The troubles of edtech major Byju’s are just piling on. More than a week after insolvency proceedings were revived against the edtech major, the company received a major blow as the Delaware Supreme Court determined that Byju’s had indeed failed to repay a loan of $1.5Bn, thus defaulting on it. The original debt was due to be repaid in two years time, by November 2026.

With the new ruling – delivered this week – lenders can initiate actions to recoup their losses, such as taking control of the assets of the edtech behemoth – once a much celebrated poster boy in India’s startup scene – in the US. According to reports, the court has appointed Timothy Pohl as the sole director of Byju Alpha, Byju’s US entity, to facilitate these actions, in a development that marks a turn in the company’s governance amid escalating financial difficulties. Lenders have indicated that the total claims against Byju’s in ongoing insolvency proceedings in India have escalated to $1.5 billion, up from $1.35 billion.

From the looks of it, the current legal troubles stem from a Term Loan B (TLB) that Byju’s secured through its holding company, Byju Alpha, which is backed by institutional investors.

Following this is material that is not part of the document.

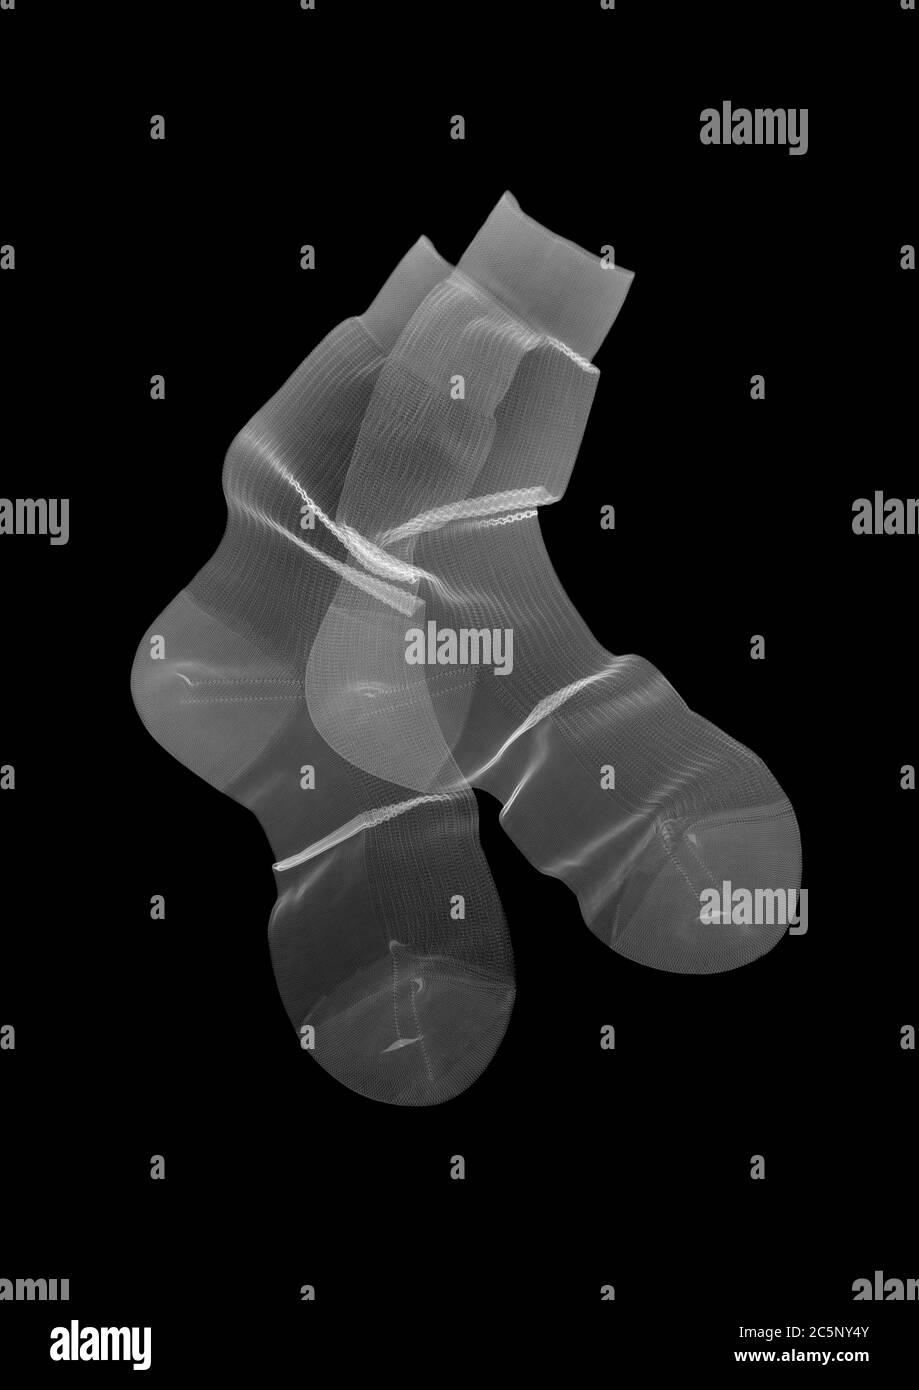 Par de calcetines, rayos X. Foto de stock

This loan has been at the center of a dispute as Byju’s struggled to fulfill its repayment obligations. Earlier, in August, the Delaware Court of Chancery sided with GLAS Trust, the administrative agent for the lenders, confirming that Byju’s had failed to comply with the terms of the loan agreement. This previous ruling laid the groundwork for the Supreme Court’s decision, reinforcing the lenders’ claims of default and their rights to pursue remedies. GLAS Trust has also sued Byju’s for the recovery of the TLB loan in India and the US earlier this month.

“We are gratified the Delaware Supreme Court decisively affirmed what we have known all along: Byju’s breached and defaulted on the credit agreement it knowingly and willingly entered into. Most notably, this ruling confirms that Byju’s was in default, which both Byju and Riju personally acknowledged when they signed multiple amendments to the credit agreement on Byju’s behalf from October 2022 to January 2023. As such, and as validated by the Delaware Supreme Court, the lenders were well within their contractual rights to accelerate the term loan and take control of Byju’s Alpha Inc,” the lenders commented in a statement on the matter.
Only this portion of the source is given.